CJIB-FM
- Vernon, British Columbia; Canada;
- Frequency: 107.5 MHz (FM)
- Branding: Beach Radio 107.5

Programming
- Format: Adult hits
- Affiliations: Vernon Vipers

Ownership
- Owner: Jim Pattison Group

History
- First air date: 1947
- Former call signs: CJIB (1947–2001); CKIS-FM (2001–2003); CKIZ-FM (2003–2018);
- Former frequencies: 940 kHz (1947–2001)

Technical information
- Class: C1
- ERP: 45,000 watts average 100,000 watts peak (horizontal signal only)
- HAAT: 71.2 metres (234 ft)

Links
- Website: vernonmatters.ca/radio-3/

= CJIB-FM =

Radio station in Vernon, British Columbia

CJIB-FM (107.5 MHz) is a radio station in Vernon, British Columbia, Canada. Owned by the Jim Pattison Group, it broadcasts an adult hits format branded as Beach Radio 107.5.

== History ==
The station began broadcasting in 1947 as CJIB at AM 940 kHz and went through different ownerships over the years. The station was affiliated to CBC Radio's Dominion Network from 1949 until 1962. On March 15, 2001, CJIB was converted to the FM band at 107.5 MHz becoming Vernon's first ever FM radio station.

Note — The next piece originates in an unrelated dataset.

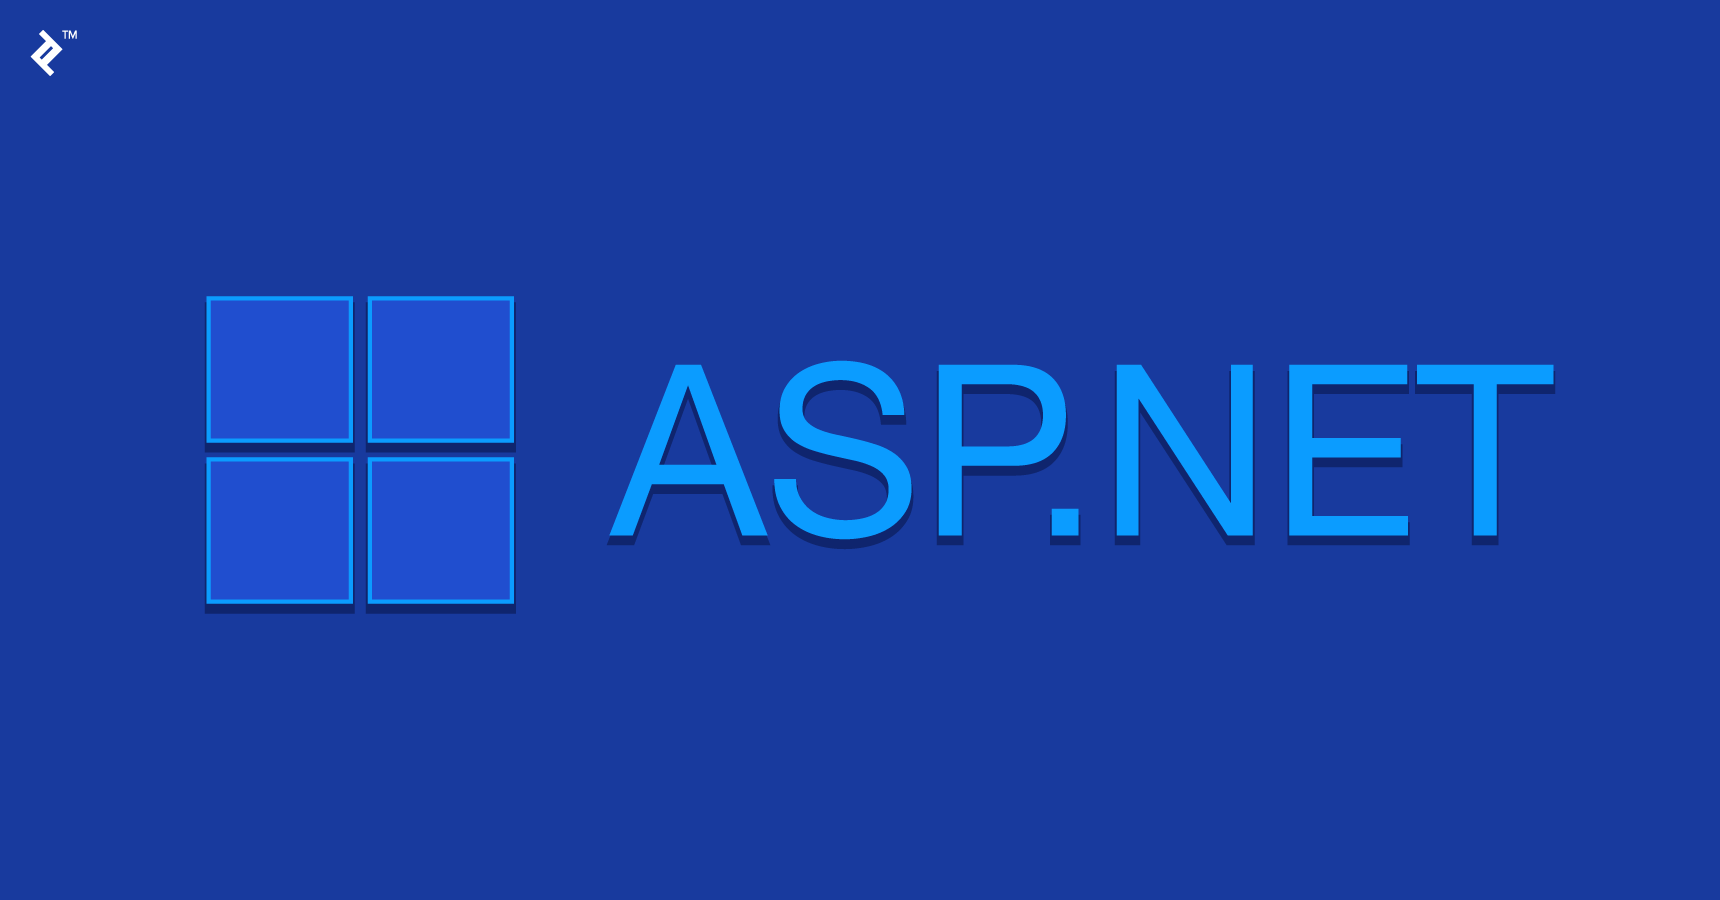 ASP NET Developer Job Description Template | Toptal

In late 2001, CJIB adopted new call letters as CKIS which lasted until 2003 (now assigned to a station in Toronto), at which time it took the callsign CKIZ, and changed formats to hot adult contemporary. CKIZ-FM reverted to AC in 2007.

On February 25, 2005, Rogers Radio was given approval by the CRTC to add a 10 watt FM transmitter at Enderby at 93.9 MHz to rebroadcast the programming of CKIZ-FM, which was no longer receivable there after its conversion from the AM band in 2001.

In 2010, the station was sold to the Jim Pattison Group.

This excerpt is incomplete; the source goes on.